Also, he's a pretty nothing defender, waves a great towel........and he never, ever, ever smiles.


----------



## New Jazzy Nets (Jan 25, 2006)

to backup paul? wtf. I thought they signed Bobby Jackson


----------



## Sham (Dec 2, 2002)

Every team needs a third stringer. And he and Jackson will probably play alongside each other a fair bit.


----------



## o.iatlhawksfan (Mar 3, 2006)

It's always good to have a scoring role player off the bench.


----------



## Damian Necronamous (Jun 10, 2002)

PG: Chris Paul...Bobby Jackson...Jannero Pargo
SG: Desmond Mason...Rasual Butler
SF: Peja Stojakovic...Linton Johnson III
PF: David West...Cedric Simmons...Brandon Bass
C: Tyson Chandler...Hilton Armstrong...Marc Jackson

They could start Butler and have Mason come off of the bench. Either way, this team has the potential to do a lot of damage. They've got depth, young talent, and a good young leader in Chris Paul. I don't think they'll make it past the first round next year, but they could go very deep into the playoffs in another year or two.


----------



## girllovesthegame (Nov 3, 2005)

New Jazzy Nets said:


> to backup paul? wtf. I thought they signed Bobby Jackson



Yea I think they must've forgotten about Bobby.


----------



## GNG (Aug 17, 2002)

For when Bobby Jackson misses his customary 15-20 games.


----------



## supermati (Mar 28, 2005)

It's a good pick, every team needs a 3rd PG, when they have Bobby Jackson that also plays SG.
Anyway Pargo is a good player, he just needs to have some confidence on him.


----------



## jalen5 (Nov 19, 2004)

Pargo was signed as the 3rd PG to backup Bobby Jackson, who is backing up Chris Paul but will also play some at the same time as Paul when the Hornets go small...Pargo is a better player than most Bulls fans would have you believe...and I'm a Bulls fan as well...he is a good guy to have come off the bench to give your starters a break. He can score and the Hornets can't get enough of that after not having many scorers last year. I really like this signing...


----------



## HB (May 1, 2004)

Not a bad signing for you guys. Jackson usually misses significant time, Pargo should soften such a blow if it happens


----------



## qross1fan (Dec 28, 2004)

o.iatlhawksfan said:


> It's always good to have a scoring role player off the bench.
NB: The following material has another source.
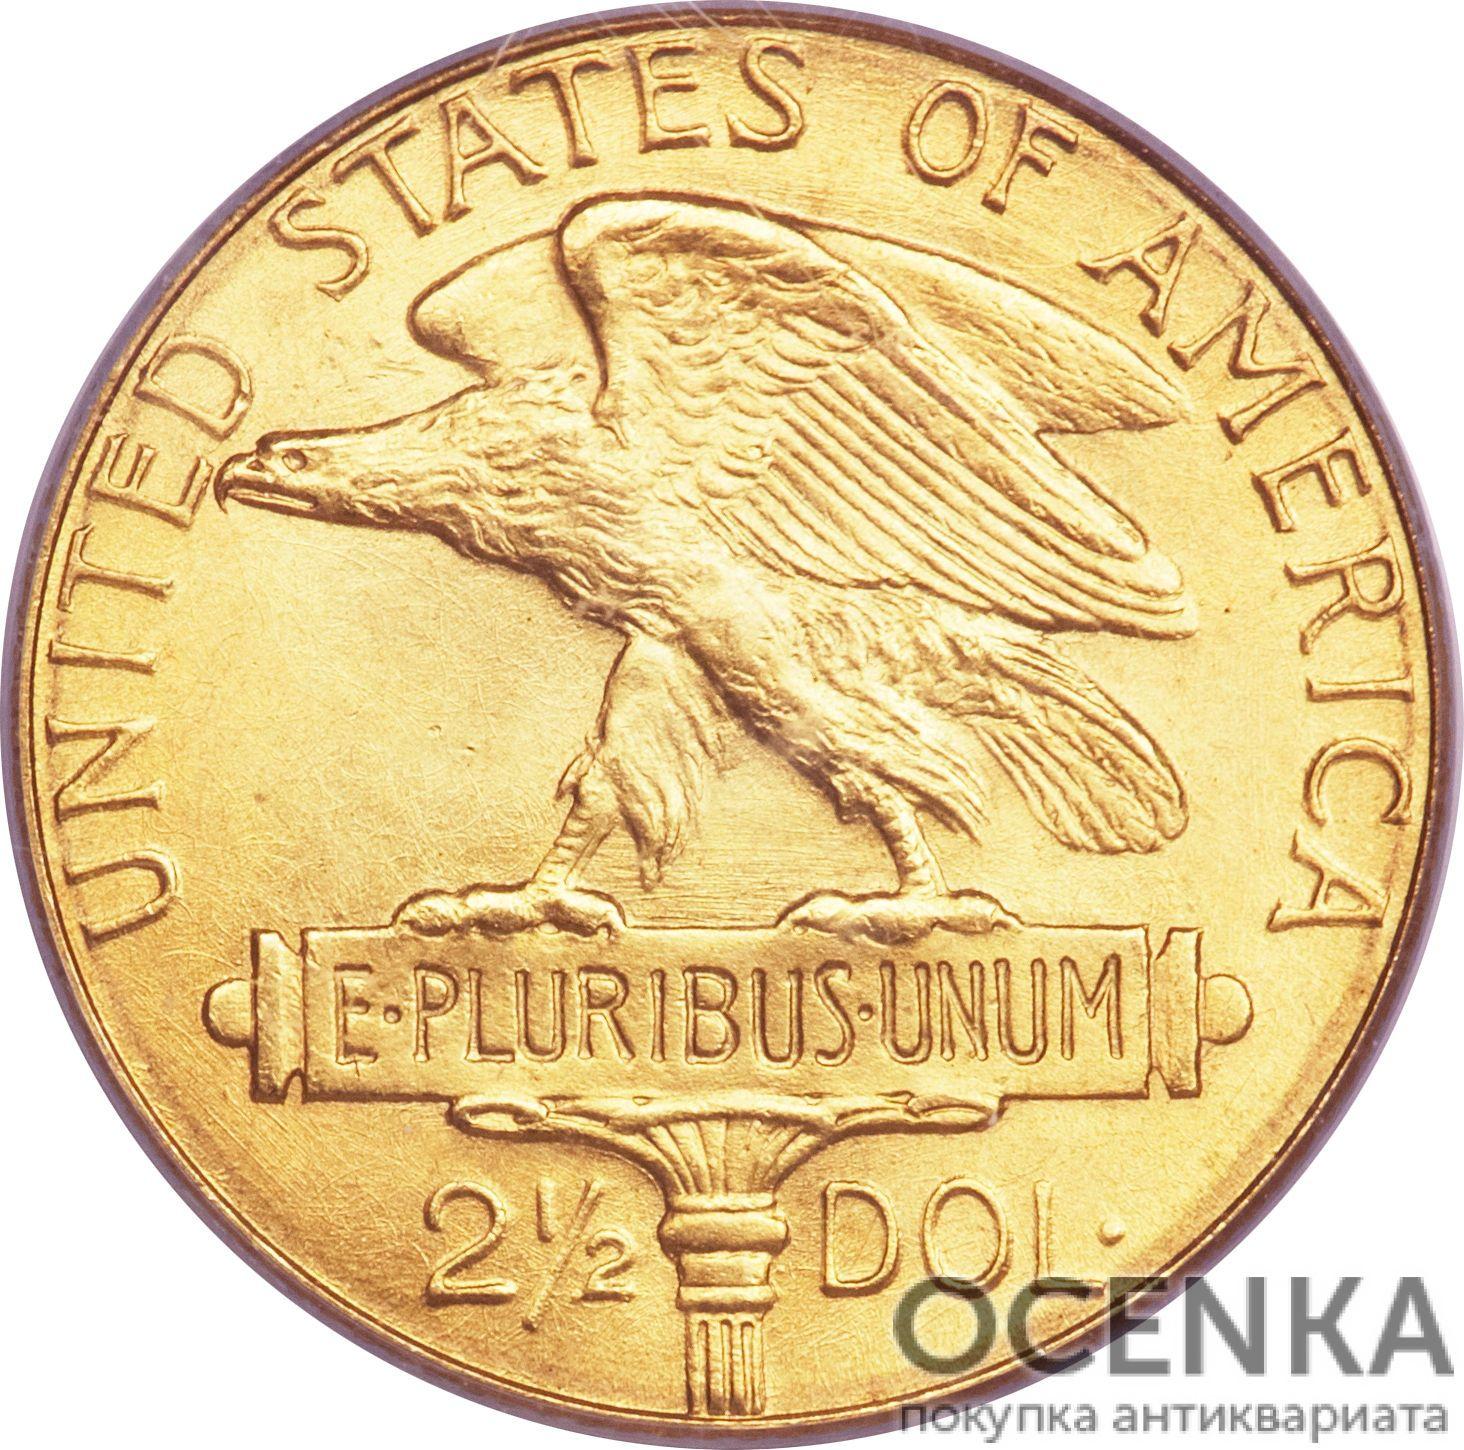 Золотая монета 2½ Dollars (2,5 доллара) США - 8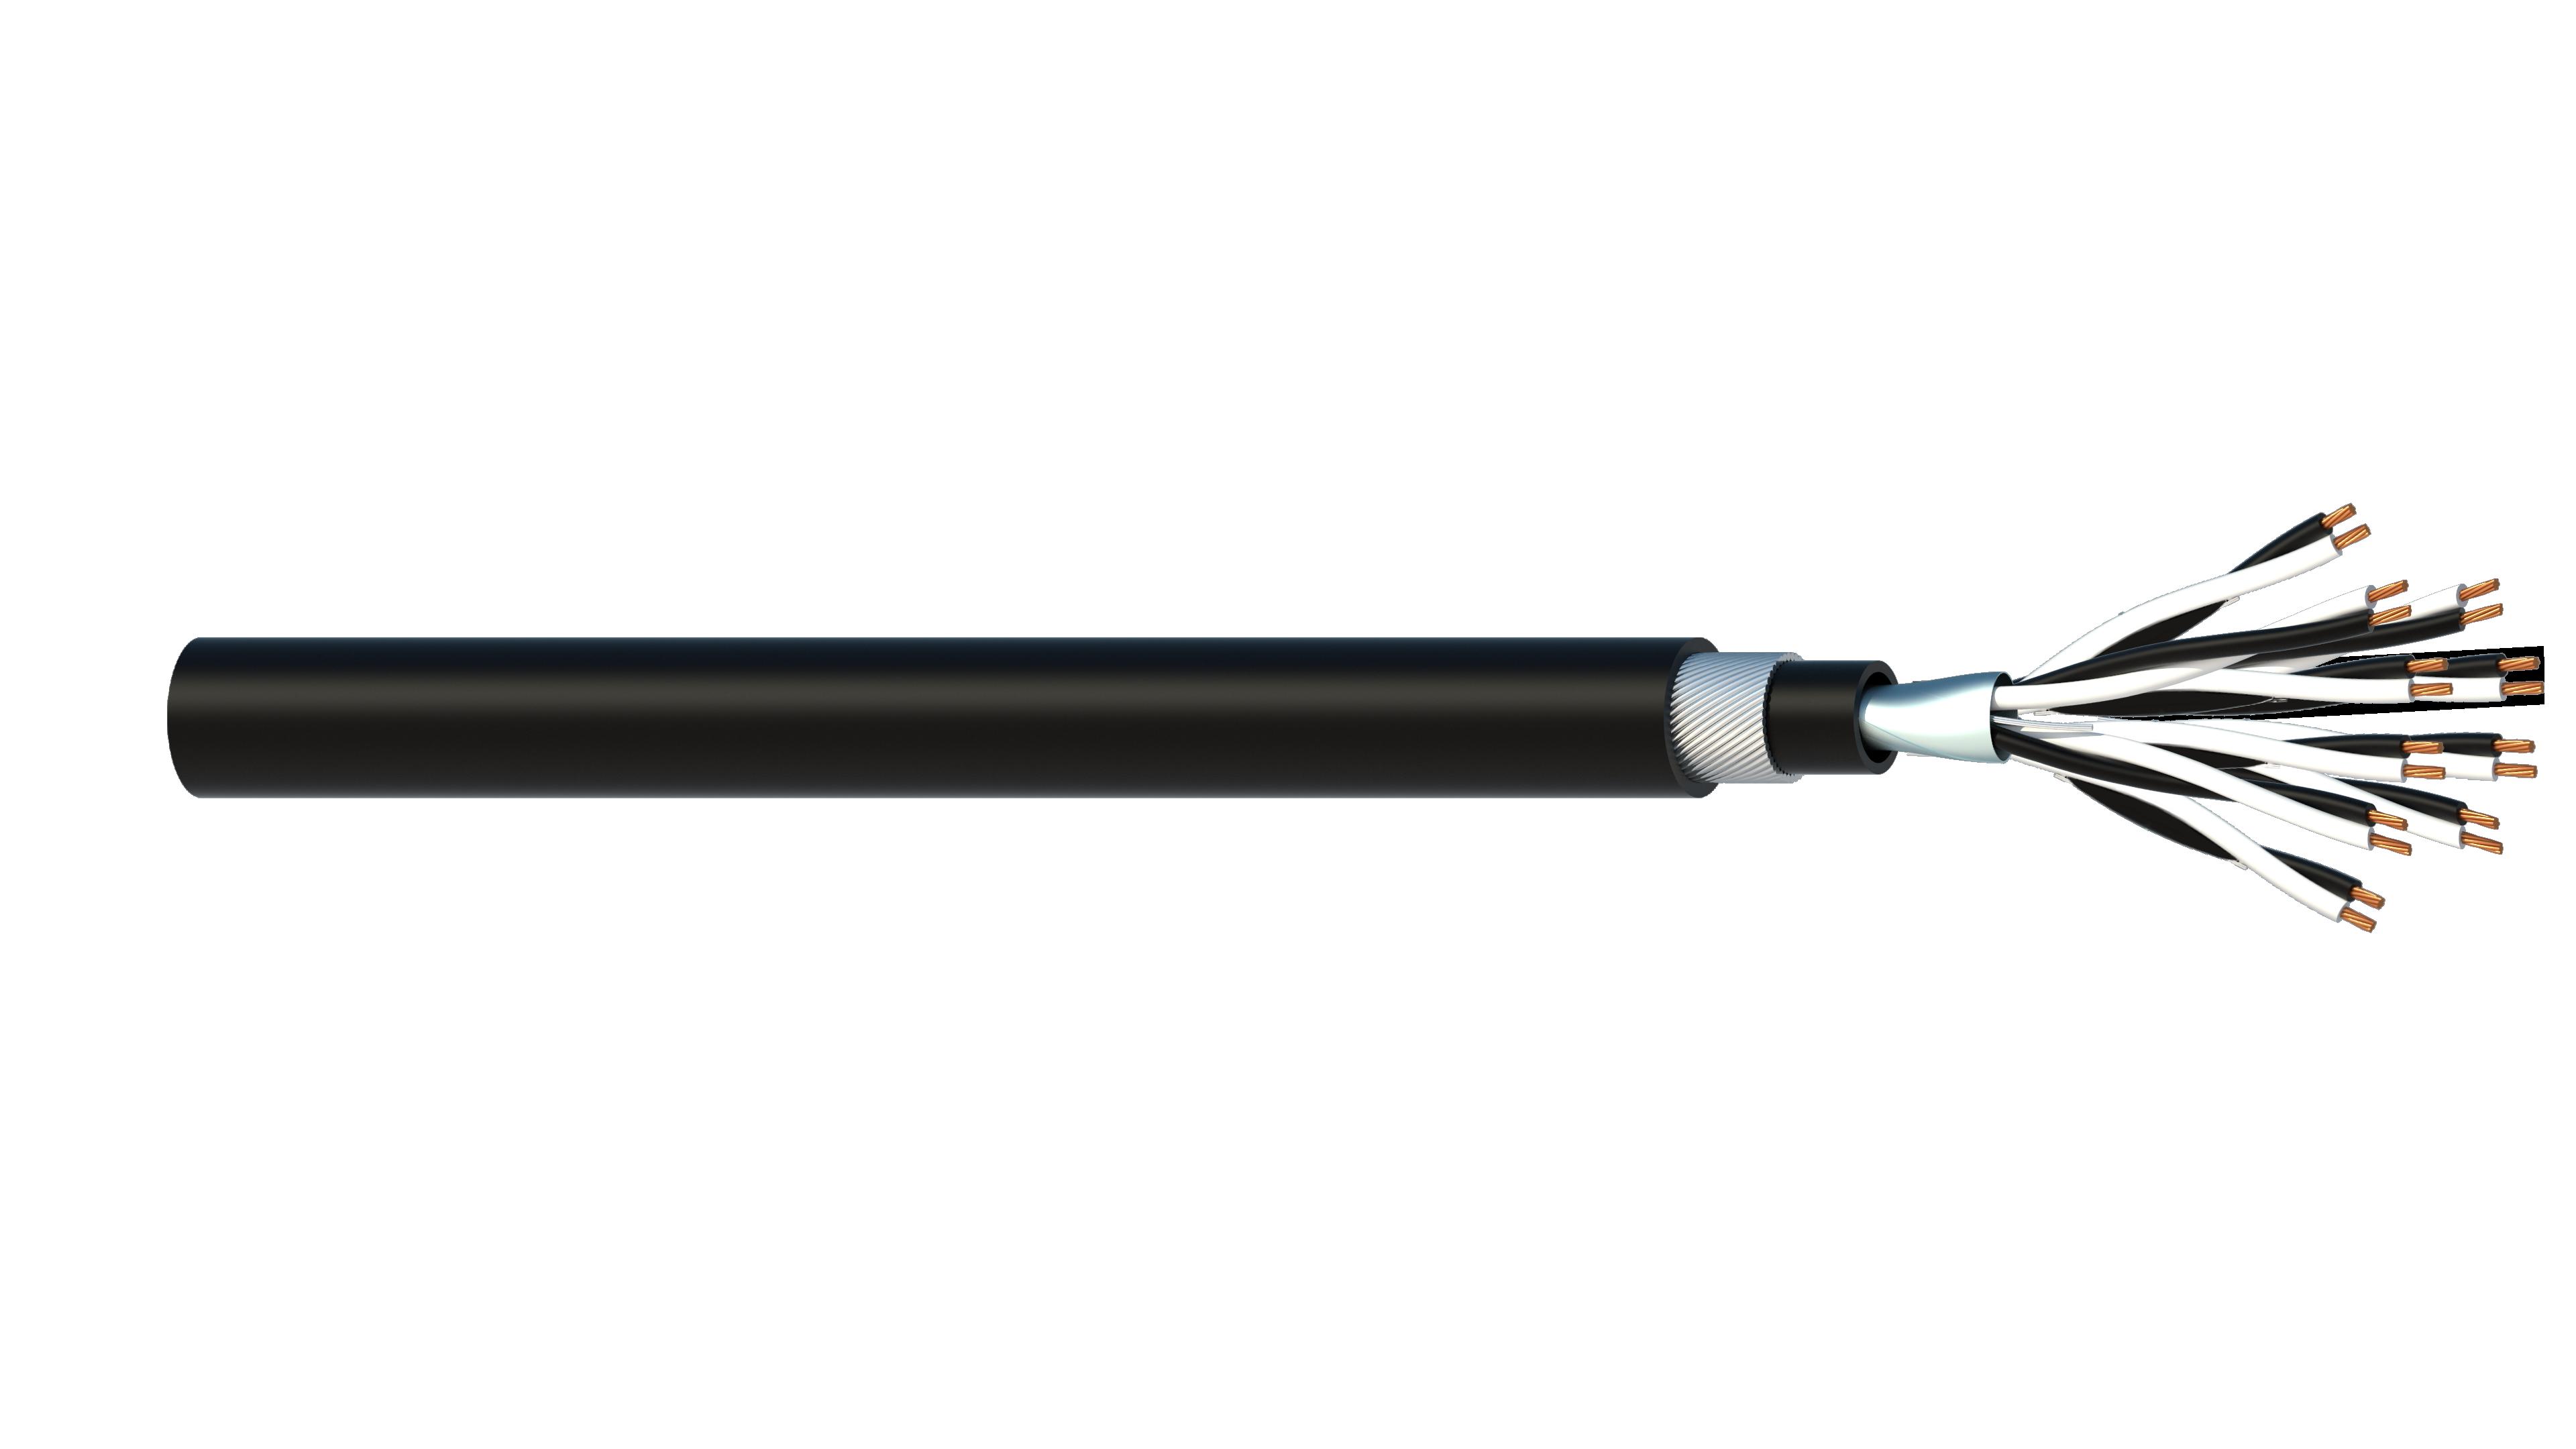 10 Pair 0.5mm2 Cu/PVC/OS/PVC/SWA/PVC Maser Instrumentation Cable - Black Sheath

Esp. one that has playoff experience like Pargo does.

Pretty good signing with how small the PG market was getting too.


----------



## girllovesthegame (Nov 3, 2005)

He signed today....


http://sports.espn.go.com/nba/news/story?id=2544958


----------



## girllovesthegame (Nov 3, 2005)

Newest Hornet...

http://us.i1.yimg.com/us.yimg.com/p/sp/getty/db/full.getty-71614495lm006_pargo_12_39_00_am.jpg


----------



## Geaux Tigers (Apr 26, 2004)

I like this pickup. He can shoot the ball well if he gets hot and we need that. He's pretty tough also.


----------